Mergers and acquisitions (M&A) are economic activities. The benefits they bring in are many. Primarily, they assist in creating a market for corporate control. M&A deals enhance shareholder value and ensure greater operational efficiencies. That is why we need a congenial legal and regulatory climate for facilitating M&A.As the M&A bandwagon moves on, there are certain obstacles on the way that need to be overcome. There is this thorny issue of what constitutes corporate control. This concept of management control is not clear in the Takeover Code formulated by the Securities and Exchange Board of India (Sebi).
Then there are other issues such as exorbitant stamp duties, cumbersome court procedure for mergers, dog-in-the-manger role of financial institutions in corporate takeovers and absence of takeover-lending.

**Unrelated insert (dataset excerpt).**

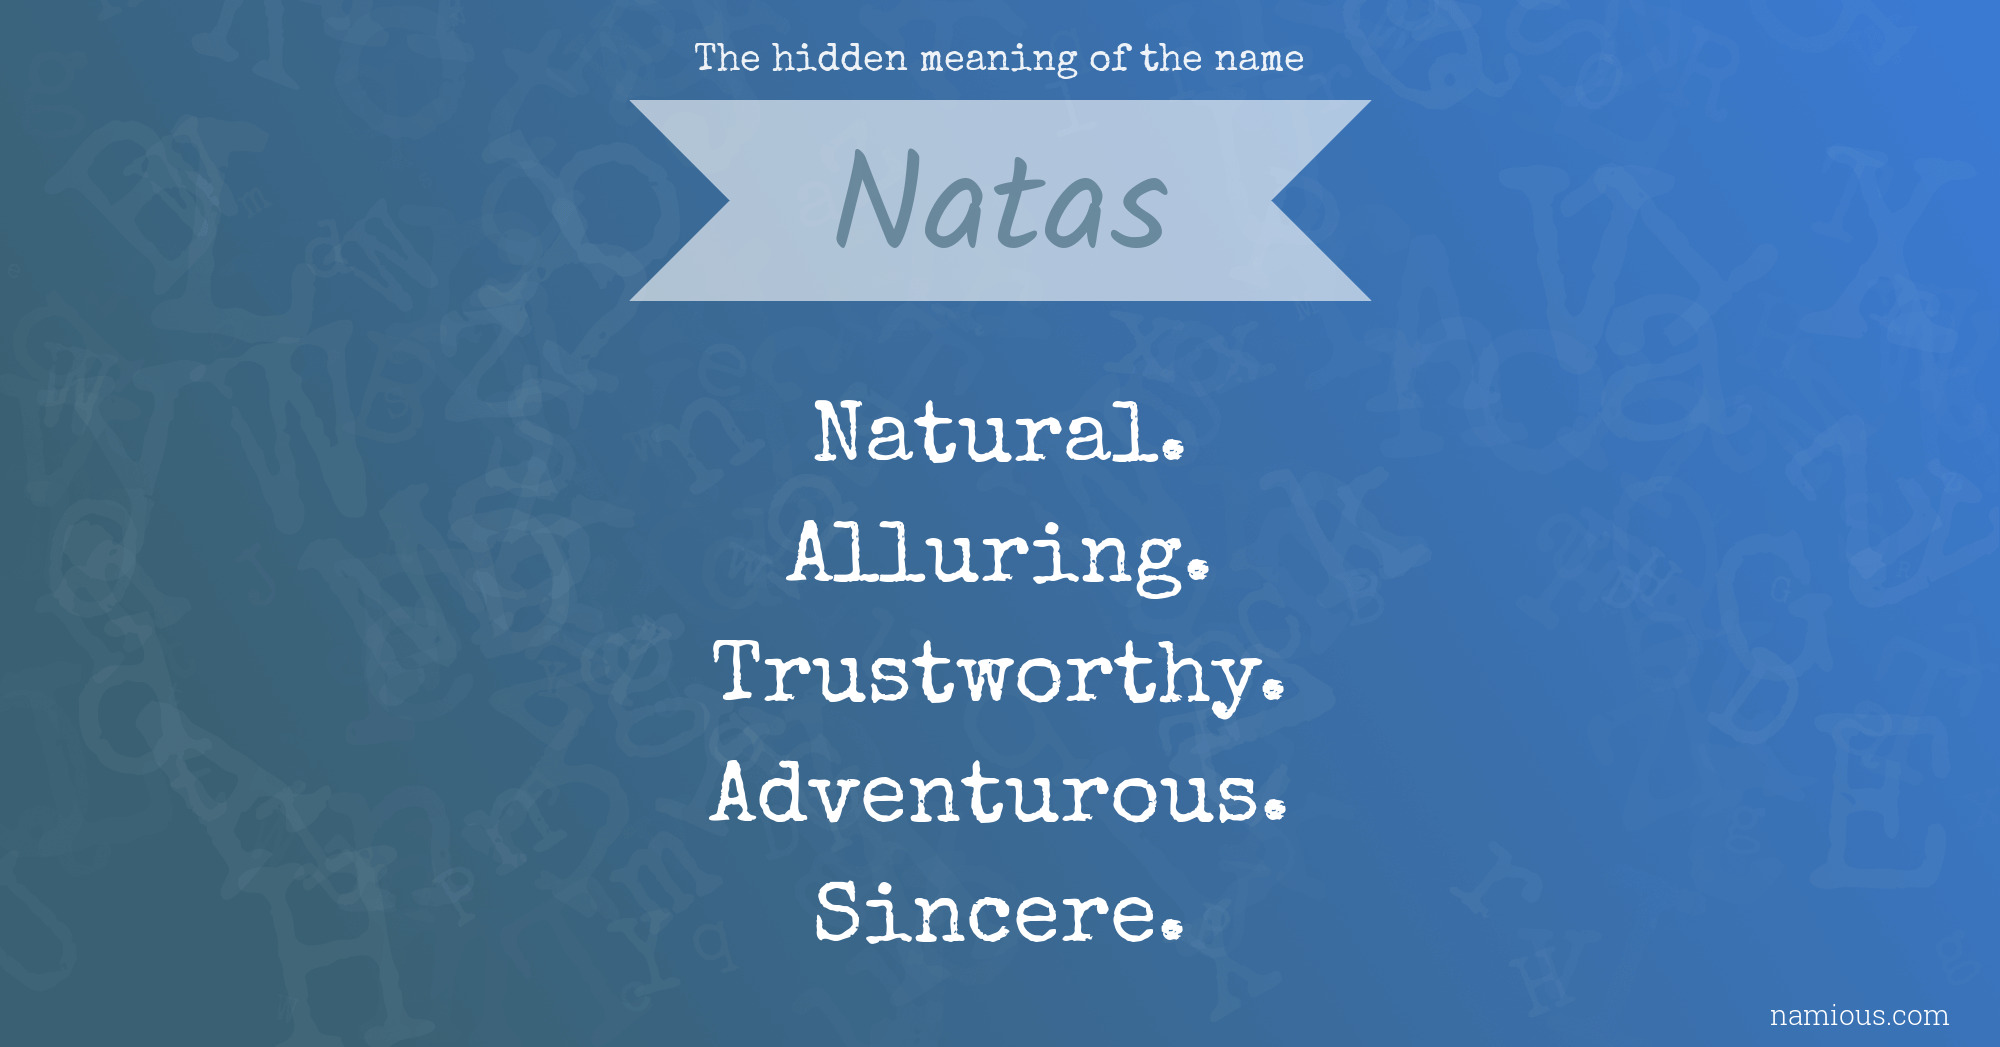 The hidden meaning of the name Natas

As the consolidation mania grips the Indian corporate sector, it is essential to review all these issues.
There is tremendous scope for M&A in industries such as cement, which are fragmented. Knowledge-based industries such as pharmaceuticals, information, communication and entertainment are also ripe for consolidation. One should see more M&A deals in these sectors shortly. The information technology sector, where large players are keen to move up the value chain, is an ideal candidate for M&A. If M&A activity is to pick up in all the sectors across the board, it is essential that FIs understand the tactical relevance of M&A in the new economy.
What drives M&A deals is strategy and all other factors are just incidental. Gone are the days when Ram Prasad Goenka and Manu Chhabria bought anything and everything under the sun, regardless of whether an acquisition resulted in an increase in shareholder value. The questions that are increasingly being asked today are: how does this acquisition fit into my business portfolio? What would be my comparative advantage over others in the same business?
Thanks to this change in mindset, M&A activity is turning strategy-driven. Businessmen are becoming more open-minded, mature and investor-friendly. But, the obstacles remain. It is high time the roadblocks are removed so that M&A blossoms into a healthy economic activity.